PROVIDED MATERIAL
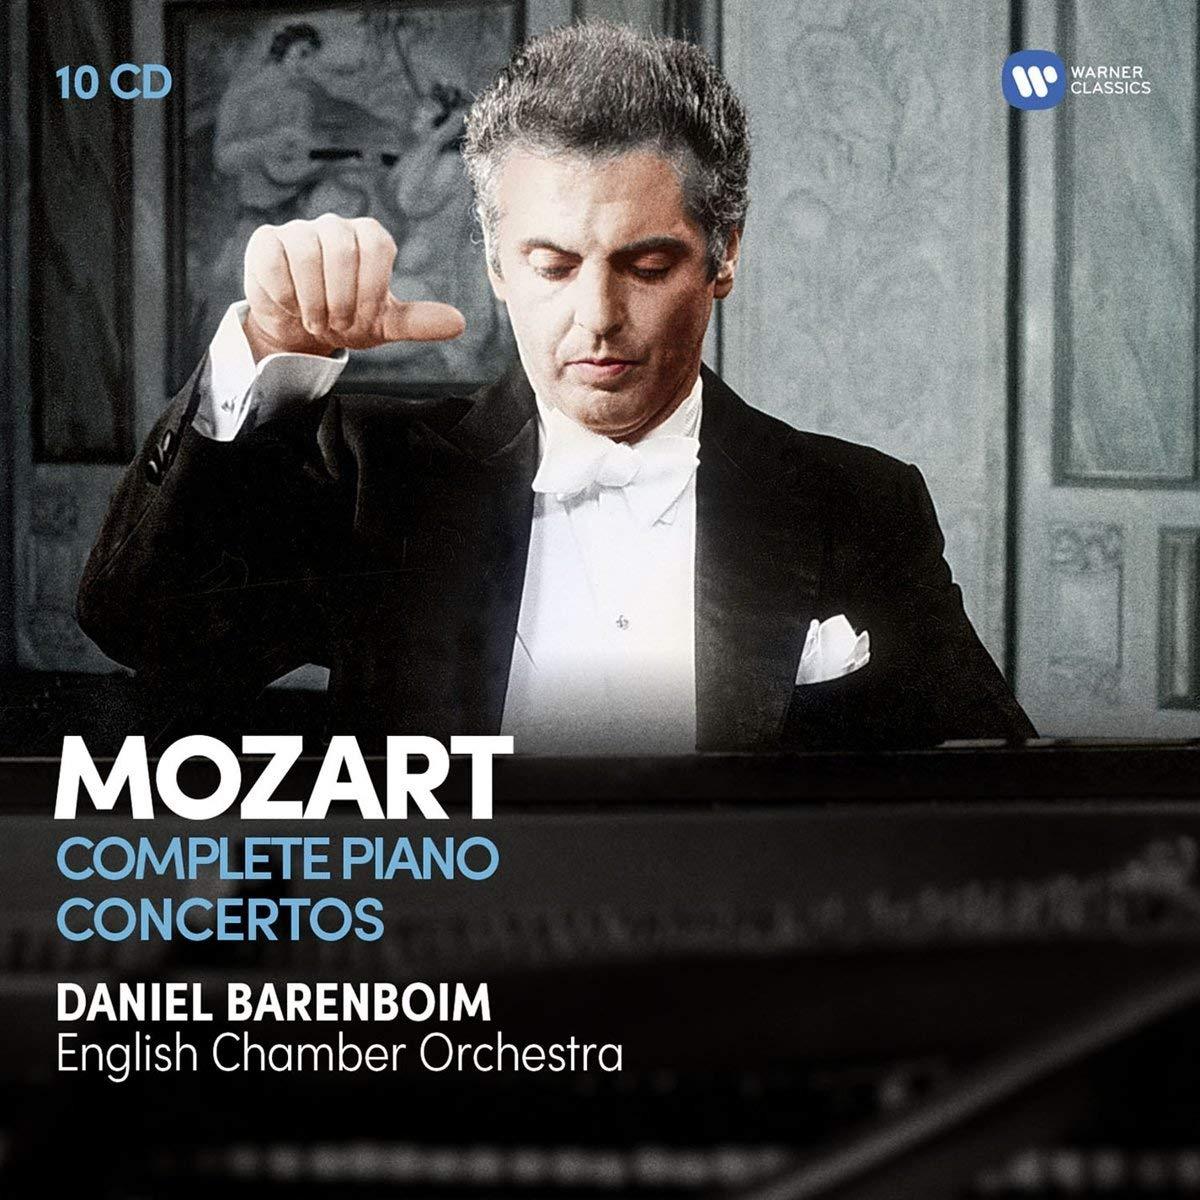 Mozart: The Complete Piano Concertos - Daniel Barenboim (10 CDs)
---
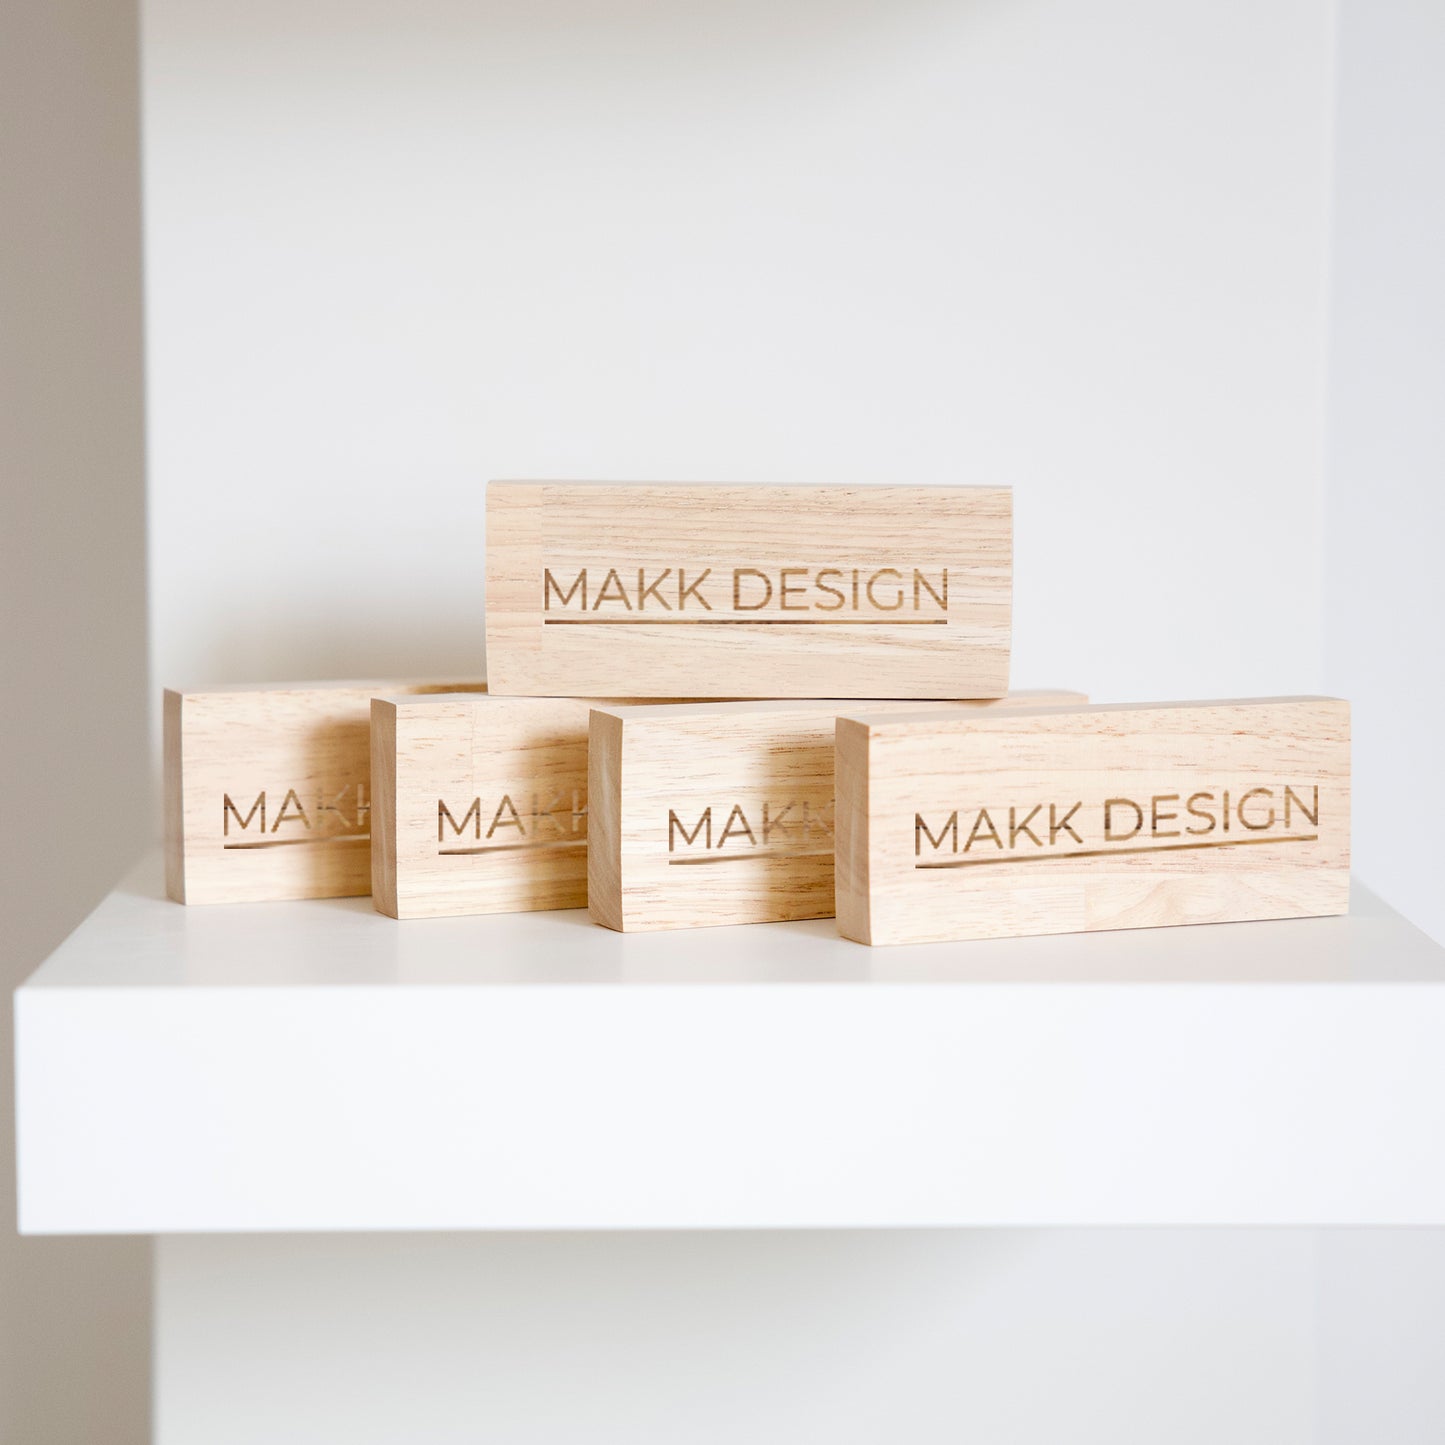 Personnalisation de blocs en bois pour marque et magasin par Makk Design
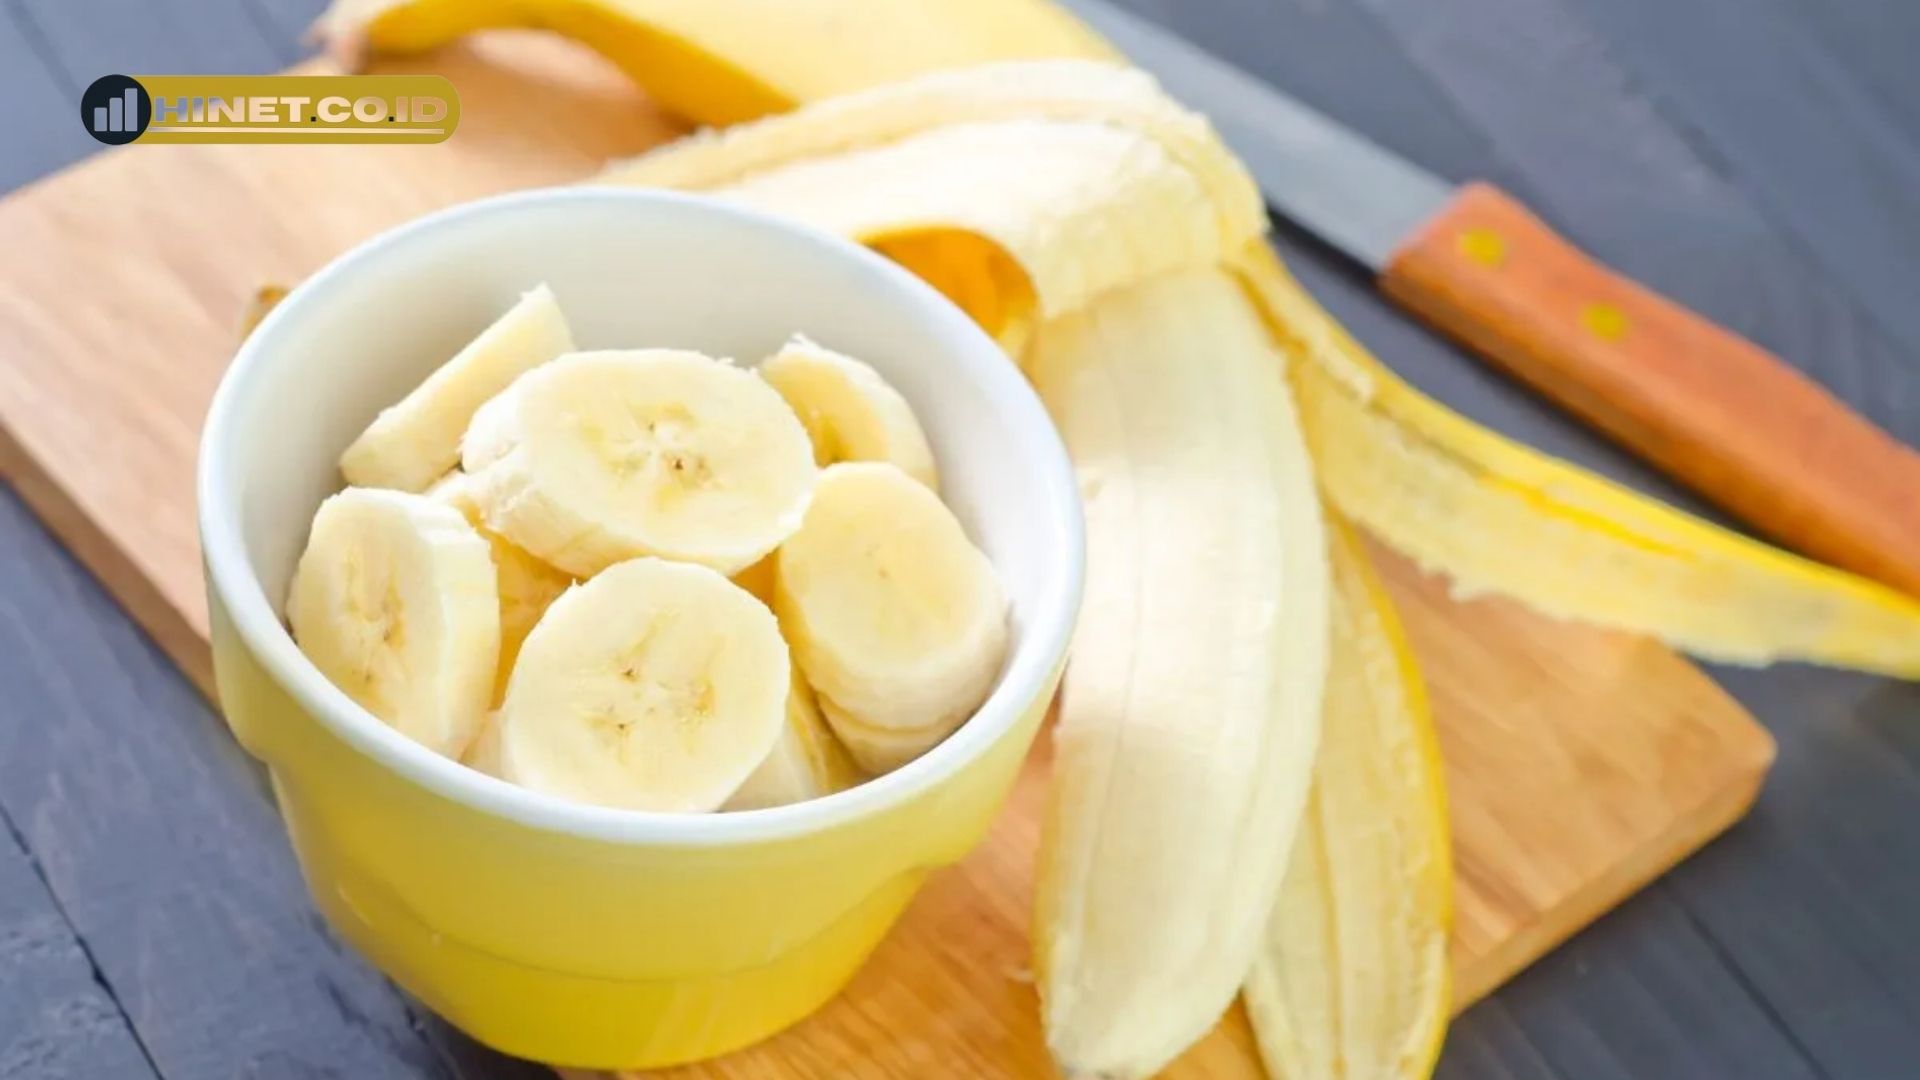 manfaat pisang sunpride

WHAT YOU WILL DO
Quote the lines above exactly, starting with the one that has "Personnalisation de blocs" and ending with the one that has "manfaat pisang sunpride"; drop the pictures and include nothing else.

EXERCISE ANSWER
 Personnalisation de blocs en bois pour marque et magasin par Makk Design
 manfaat pisang sunpride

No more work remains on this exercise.